Package: release.debian.org
Severity: normal
Tags: stretch
User: release.debian....@packages.debian.org
Usertags: pu
Hi all,
A little fix for CVE-2019-8331.
Cheers,
Xavier
-- System Information:
Debian Release: buster/sid
APT prefers testing
APT policy: (900, 'testing'), (500, 'unstable')
Architecture: amd64 (x86_64)
Foreign Architectures: i386
Kernel: Linux 4.19.0-2-amd64 (SMP w/4 CPU cores)
Locale: LANG=fr_FR.UTF-8, LC_CTYPE=fr_FR.UTF-8 (charmap=UTF-8), LANGUAGE=
(charmap=UTF-8)
Shell: /bin/sh linked to /bin/dash
Init: systemd (via /run/systemd/system)
LSM: AppArmor: enabled
diff -Nru twitter-bootstrap3-3.3.7+dfsg/debian/changelog
twitter-bootstrap3-3.3.7+dfsg/debian/changelog
--- twitter-bootstrap3-3.3.7+dfsg/debian/changelog 2019-02-04
22:25:25.000000000 +0100
+++ twitter-bootstrap3-3.3.7+dfsg/debian/changelog 2019-02-21
21:42:06.000000000 +0100
@@ -1,3 +1,9 @@
+twitter-bootstrap3 (3.3.7+dfsg-2+deb9u2) UNRELEASED; urgency=medium
+
+ * Add patch to fix CVE-2019-8331: XSS in tooltip or popover
+
+ -- Xavier Guimard <y...@debian.org> Thu, 21 Feb 2019 21:42:06 +0100
+
twitter-bootstrap3 (3.3.7+dfsg-2+deb9u1) stretch; urgency=high
* Team upload.
diff -Nru twitter-bootstrap3-3.3.7+dfsg/debian/patches/CVE-2019-8331.patch
twitter-bootstrap3-3.3.7+dfsg/debian/patches/CVE-2019-8331.patch
--- twitter-bootstrap3-3.3.7+dfsg/debian/patches/CVE-2019-8331.patch
1970-01-01 01:00:00.000000000 +0100
+++ twitter-bootstrap3-3.3.7+dfsg/debian/patches/CVE-2019-8331.patch
2019-02-21 21:40:12.000000000 +0100
@@ -0,0 +1,257 @@
+Description: Fix XSS - CVE-2019-8331
+Author: Xavier Guimard <y...@debian.org>
+Origin: upstream
+Forwarded: not-needed
+Last-Update: 2019-02-21
+
+--- a/js/dropdown.js
++++ b/js/dropdown.js
+@@ -29,7 +29,7 @@
+ selector = selector && /#[A-Za-z]/.test(selector) &&
selector.replace(/.*(?=#[^\s]*$)/, '') // strip for ie7
+ }
+
+- var $parent = selector && $(document).find(selector)
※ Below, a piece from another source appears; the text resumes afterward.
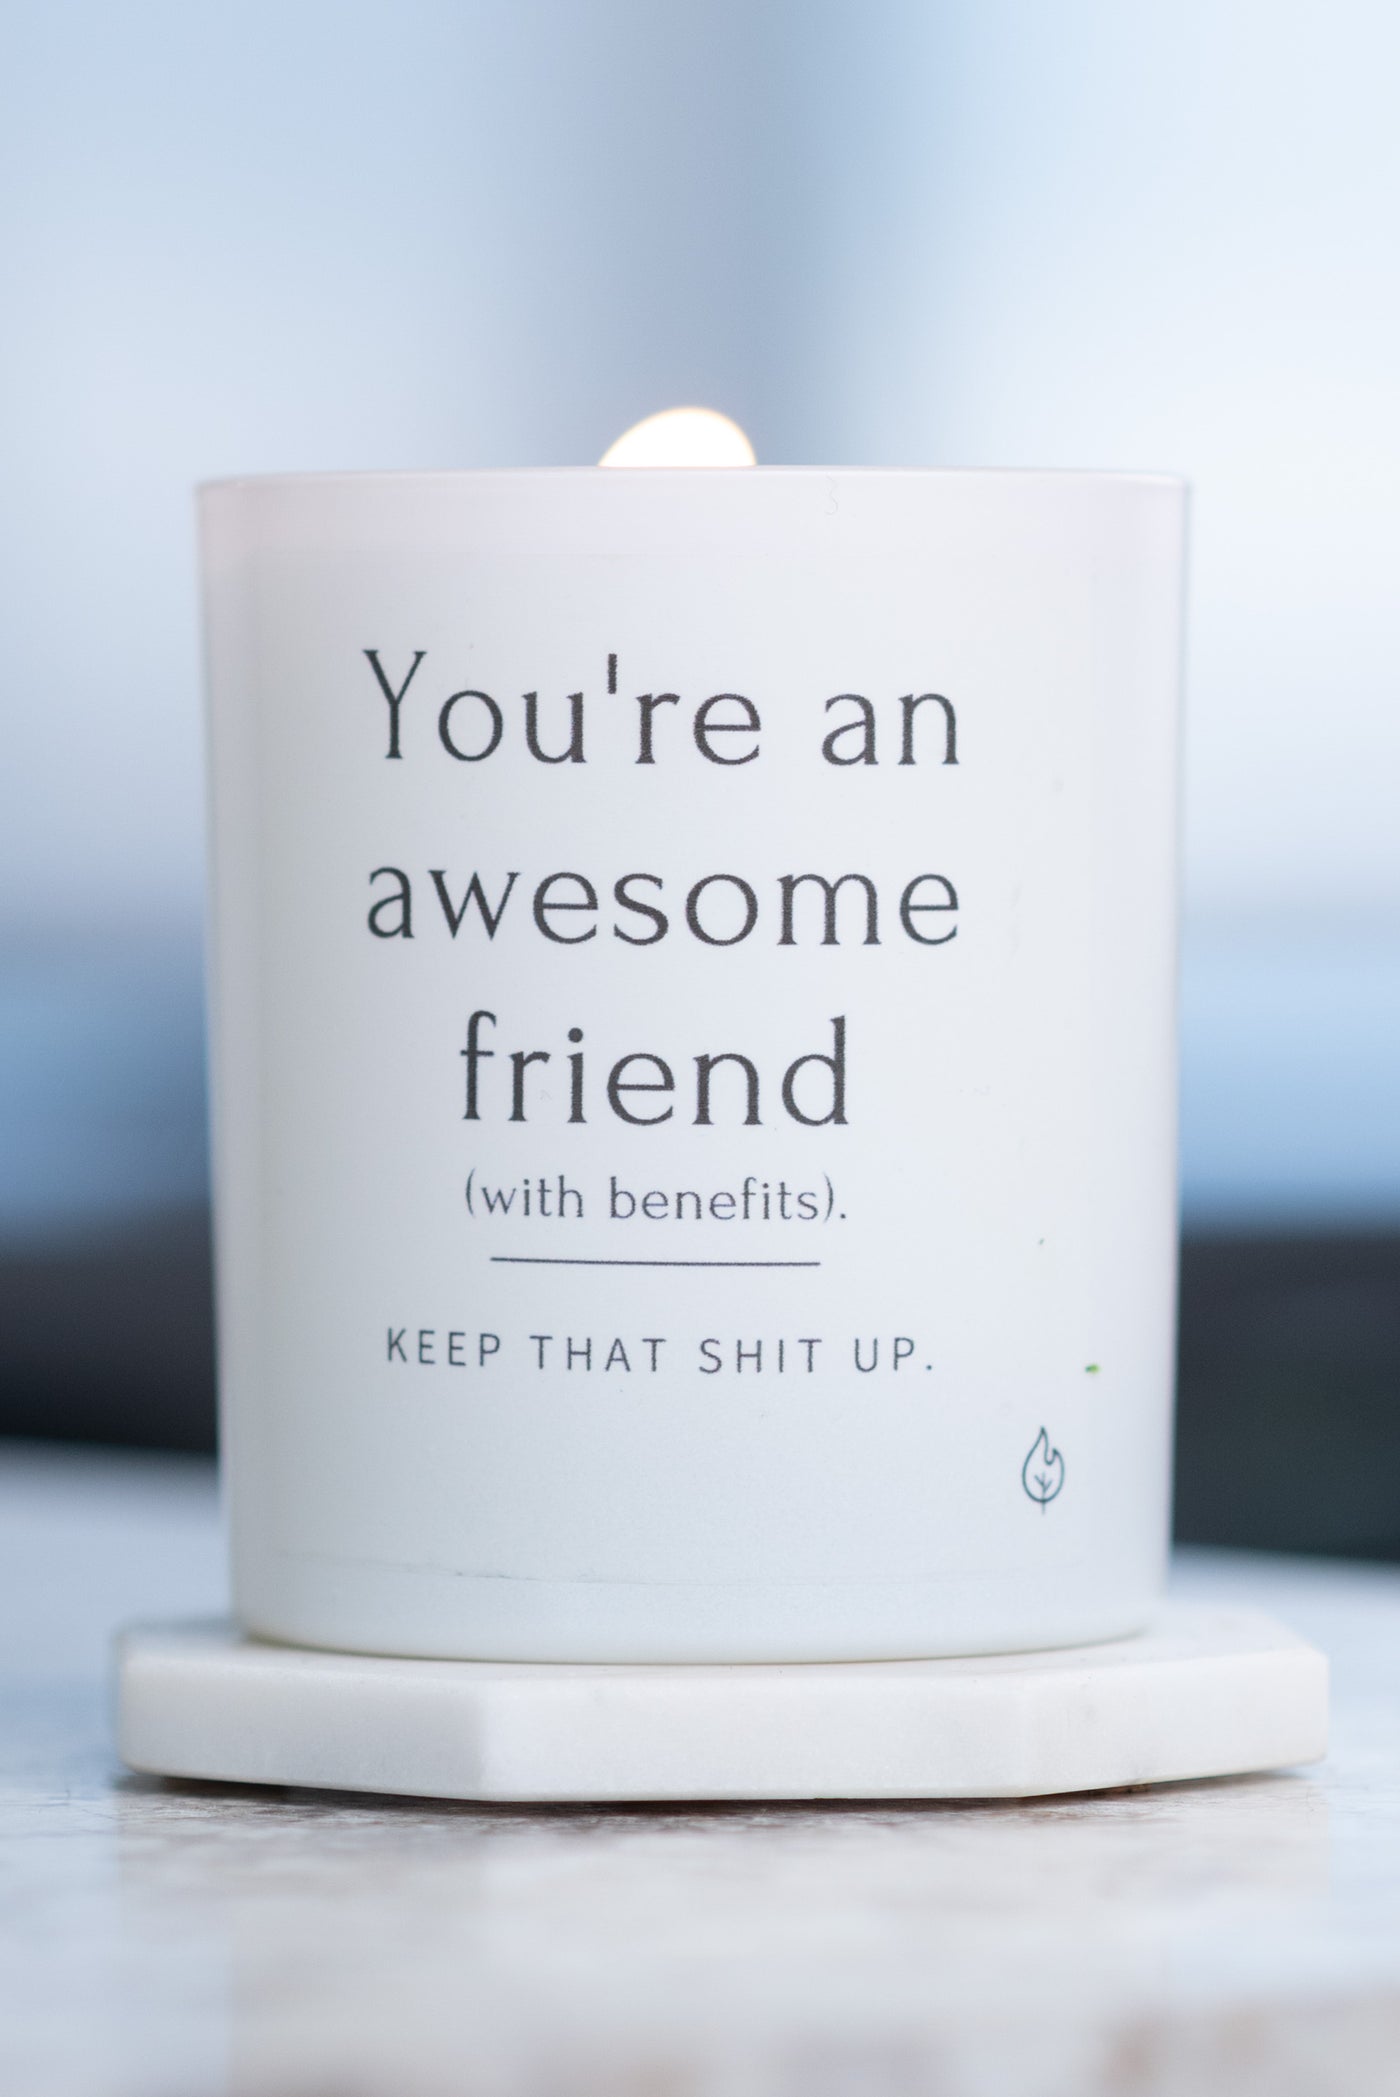 The Friends (with benefits) Candle

++ var $parent = selector !== '#' ? $(document).find(selector) : null
+
+ return $parent && $parent.length ? $parent : $this.parent()
+ }
+--- a/js/popover.js
++++ b/js/popover.js
+@@ -45,10 +45,25 @@
+ var title = this.getTitle()
+ var content = this.getContent()
+
+- $tip.find('.popover-title')[this.options.html ? 'html' : 'text'](title)
+- $tip.find('.popover-content').children().detach().end()[ // we use append
for html objects to maintain js events
+- this.options.html ? (typeof content == 'string' ? 'html' : 'append') :
'text'
+- ](content)
++ if (this.options.html) {
++ var typeContent = typeof content
++
++ if (this.options.sanitize) {
++ title = this.sanitizeHtml(title)
++
++ if (typeContent === 'string') {
++ content = this.sanitizeHtml(content)
++ }
++ }
++
++ $tip.find('.popover-title').html(title)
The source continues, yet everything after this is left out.